#### PROVIDED DATA
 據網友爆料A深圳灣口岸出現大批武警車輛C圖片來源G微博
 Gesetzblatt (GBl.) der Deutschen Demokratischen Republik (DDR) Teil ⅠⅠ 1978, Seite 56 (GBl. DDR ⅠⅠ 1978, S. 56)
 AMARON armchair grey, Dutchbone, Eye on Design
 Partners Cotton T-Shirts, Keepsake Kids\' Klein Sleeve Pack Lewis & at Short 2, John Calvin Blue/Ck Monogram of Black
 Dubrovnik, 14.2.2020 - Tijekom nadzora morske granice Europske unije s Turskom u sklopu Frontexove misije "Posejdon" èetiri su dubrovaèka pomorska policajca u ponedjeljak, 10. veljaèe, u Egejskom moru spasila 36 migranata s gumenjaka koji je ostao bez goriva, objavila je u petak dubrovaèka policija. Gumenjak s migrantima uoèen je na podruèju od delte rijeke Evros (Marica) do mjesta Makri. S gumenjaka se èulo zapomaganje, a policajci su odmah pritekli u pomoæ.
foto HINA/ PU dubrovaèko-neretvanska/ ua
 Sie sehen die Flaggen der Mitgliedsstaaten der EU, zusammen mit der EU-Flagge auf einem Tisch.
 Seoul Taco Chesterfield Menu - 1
########
» **WORK ORDER**
Your answer must be the line holding "foto HINA/ PU dubrovaèko-neretvanska/ ua" plus every later line to the end of the records, copied exactly.

» **FINISHED EXERCISE**
foto HINA/ PU dubrovaèko-neretvanska/ ua
 Sie sehen die Flaggen der Mitgliedsstaaten der EU, zusammen mit der EU-Flagge auf einem Tisch.
 Seoul Taco Chesterfield Menu - 1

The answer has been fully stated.